By G.F.Catania
Originally Posted Sunday, August 28, 2005
IL SOTTOMARINO DEL DESERTO
STRETTA NELLE SUE MURA DI FANGO E ARGILLA,GHADAMES EMERGE DA UN MARE DI SABBIA.
Tahar Ben Jelloum noto scrittore marocchino,ha asserito in una recente intervista che il deserto,di cui si parla spesso nelle sue opere,rappresenta per l’immaginario occidentale un pensiero astratto,un fenomeno mitologico-meditativo piuttosto che la riproduzione i una realtà.In verità il deserto non è solo silenzio,luce,vuoto,spazio infinito e fantastico,ma una terra viva,popolata da uomini,cose,città.
Vi è tuttavia un luogo dove il mistero della vita sahariana sembra far vacillare la visione “disincantata” dell’intellettuale magrebino;un luogo in cui il mito,così caro all’Occidente,è rimasto pressochè intatto.Questo luogo è senz’altro Ghadames (si pronuncia Ràdames),città-oasi del Sahara libico settentrionale situata ai margini estrami della Hammada El Hamra,un infinito tavolato di pietrisco rossiccio circondato da un mare di dune (Ramlet El Bab,ossia “Porta delle sabbie”) del sud Algerino.
Emozioni e testimonianze storiche che invadono l’animo del viaggiatore e che nascono da un trascorso millenario tuttora insepolto e fuso con la realtà di questo fine-millennio.
E’ sufficente trascorrere pochi giorni a Ghadames per venire assimilati dalla nuova dimensione che offre l’incontaminata natura sahariana dei suoi dintorni.
Ghadames non è l’ultima novità sahariana impacchettata e commercializzata per il piacere del turista,bensì una delle rare tangibili testimonianze dell’immutata continuità e capacità di vita di un tassello di Africa.
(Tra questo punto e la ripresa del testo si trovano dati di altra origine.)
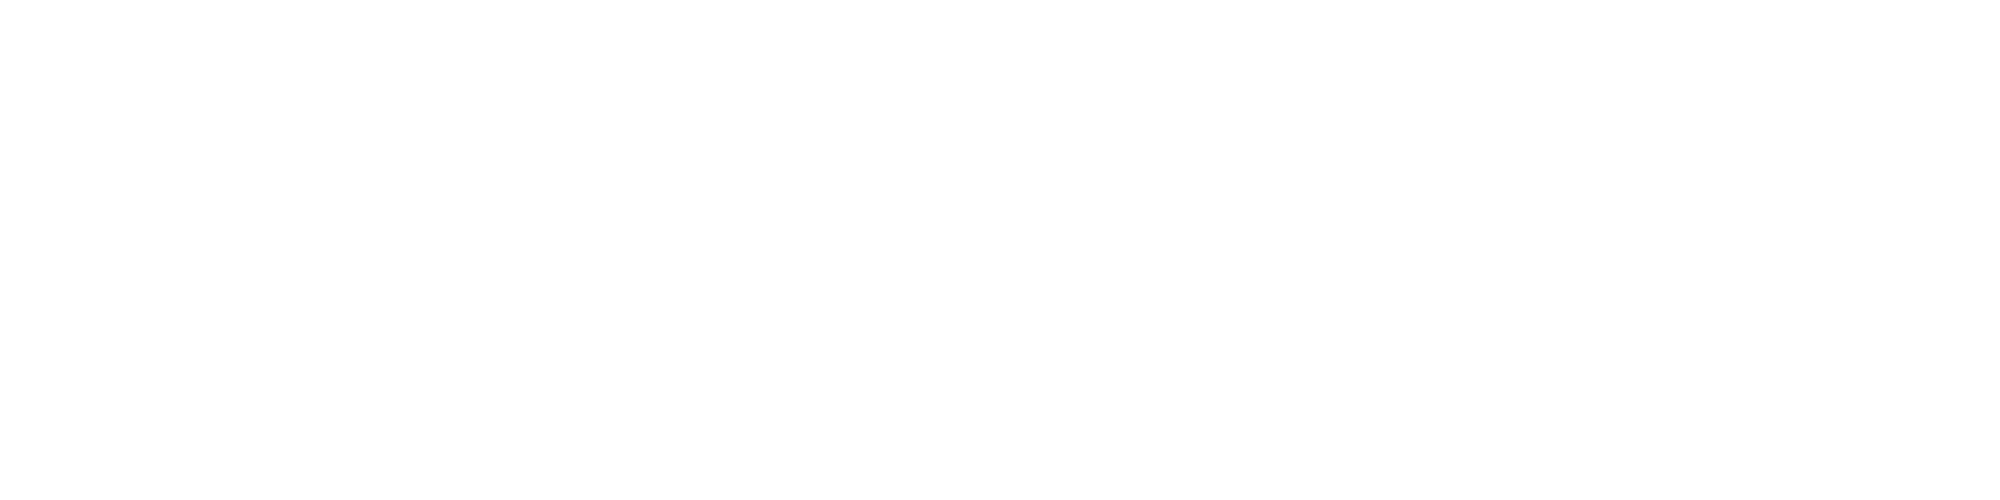 bnr_contact_top

Paradossalmente,il crescente interesse che oggi la Jamahiriya,nome moderno per un antico paese,riscuote grazie al suo Sahara non inquinato dal turismo di massa,è dovuto proprio a quella sua inviolabilità turistica,ad una struttura alberghiera limitata che regala l’ebrezza di vagare indisturbati,sicuri che dietro l’angolo non ci si imbatterà in frotte di nasi per aria,di venditori di souvenir,di chioschi avvolti dal rumore di mille radioline,ma semplicemente in gente semplice ed ospitale,non ancora uniformata al turismo di massa.
Nell’oasi di Ghadames e nella città vecchia la circolazione dei mezzi a motore è impedita da divieti di origine “naturale”,da spazi e da vie troppo angusti per essere battuti se non a piedi.
Sulle tracce della storia
Probabilmente già abitata nel paleolitico,o almeno dal neolitico,Ghadames è certamente uno dei più antichi centri libici.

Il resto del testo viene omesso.